If we should make a record of this year since it started, it certainly would count remarkable losses in the  cultural panorama of the world.

Almost in conjunction with the literary giant’s death of Harper Lee, the intellectual world sees also the loss of Umberto Eco, Italian novelist, essayist, literary critic and philosopher, passed away at the age of 84 after suffering from cancer.

Best known for his 1980 book The Name of the Rose, a medieval detective novel, among his works we also remember The Foucault’s Pendolum, The Island of the Day Before, The Mysterious Flame of Queen Loana, The Prague Cemetery and his latest Number Zero, published in 2015, offering a satire of Italy’s kickback and bribery culture.

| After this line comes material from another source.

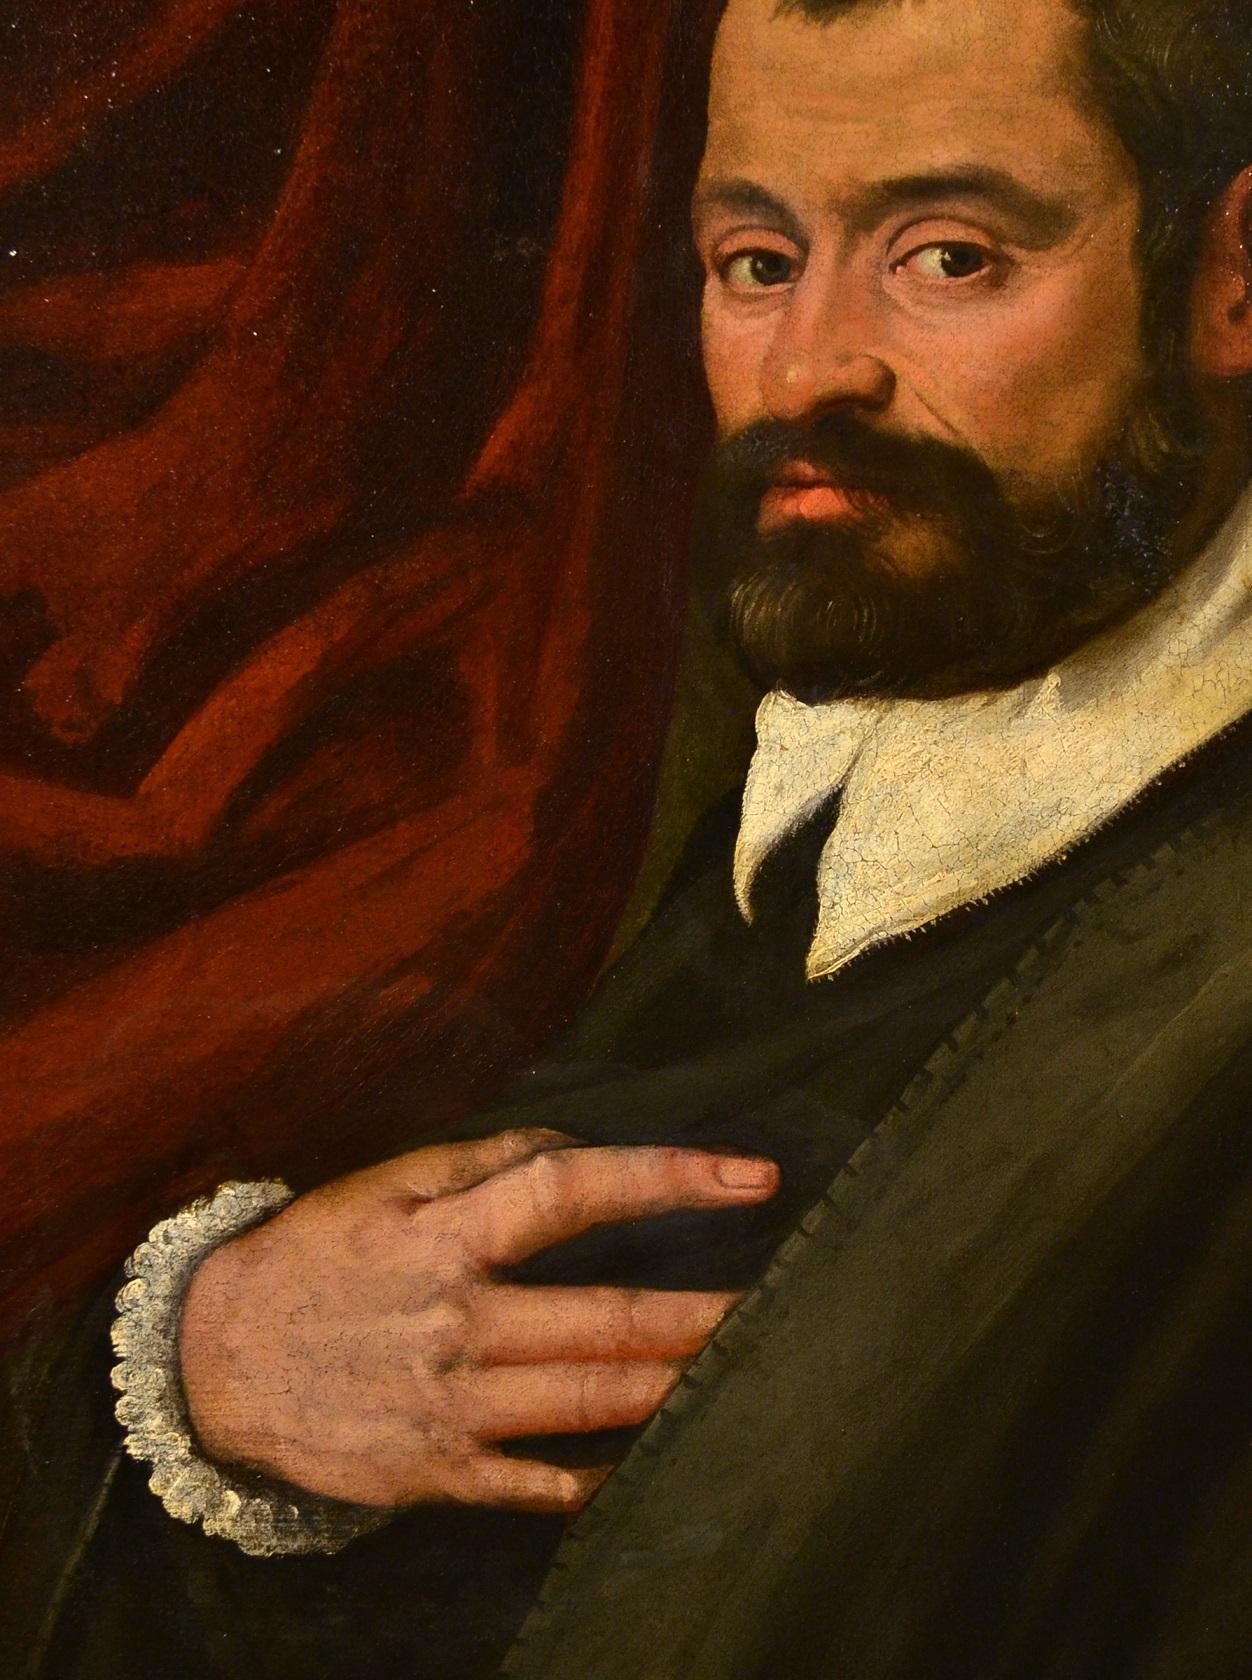 Paint Oil on canvas Portrait Venetian Tintoretto 16th Century Old master Italy  - Black Portrait Painting by Leandro da Ponte known as Leandro Bassano (Bassano, 1557 - Venice, 1622), attributed to
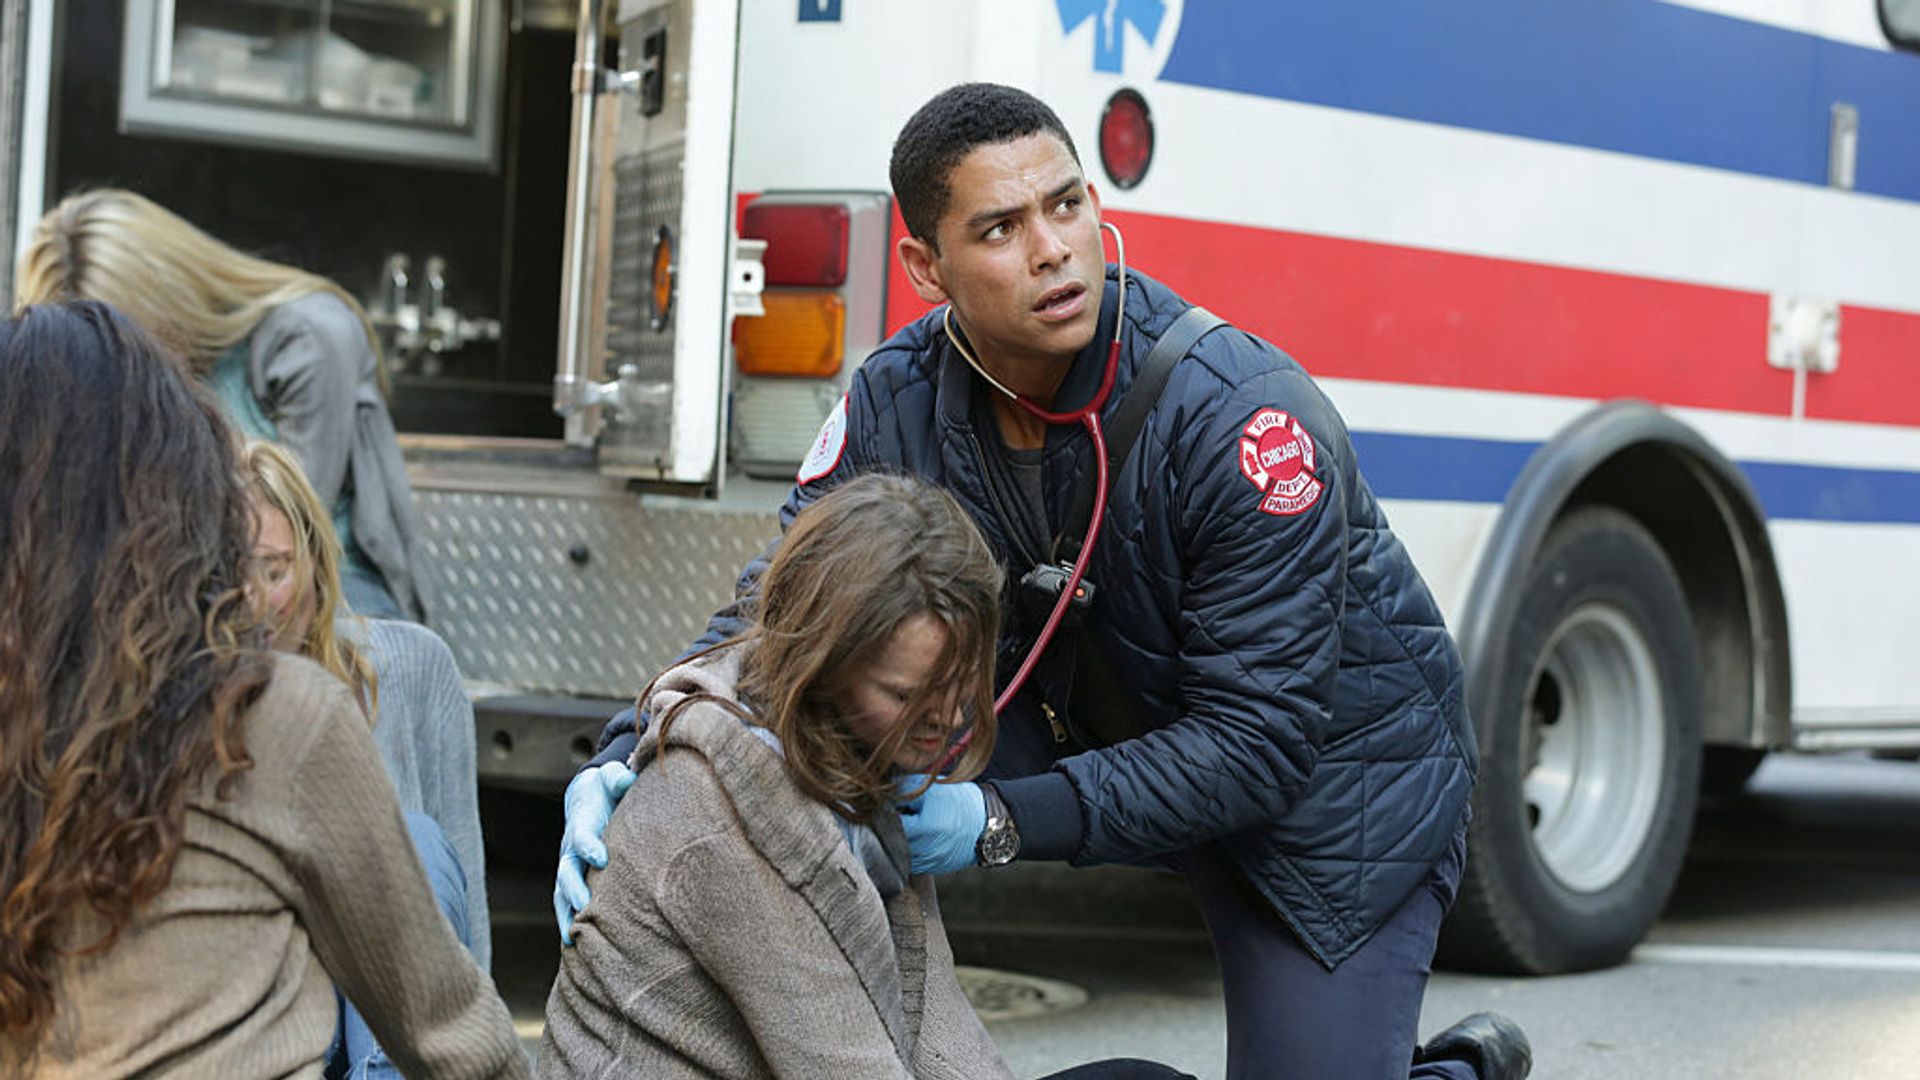 Peter tends to a woman in need in Chicago Fire

However, as he said once, he was a philosopher and wrote his novels only on weekends.

He was known particularly for his sharpness, that made his voice more vivid among the contemporary intellectuals, for his ability to tell about the future as if he had already bumped into it, his way of getting straight to the point, as when he said that ‘social media would give the right to speak to legions of idiots as if they were a Nobel Prize’.

A complex character who brought a huge contribution to the intellectual world, both Italian and international.

Whenever a beautiful mind like Umberto Eco dies, the public opinion can’t ignore what he taught and what still will do through his extraordinary eternal voice. Indeed, the truth is that certain minds never pass away, even if they do not belong any longer to this world.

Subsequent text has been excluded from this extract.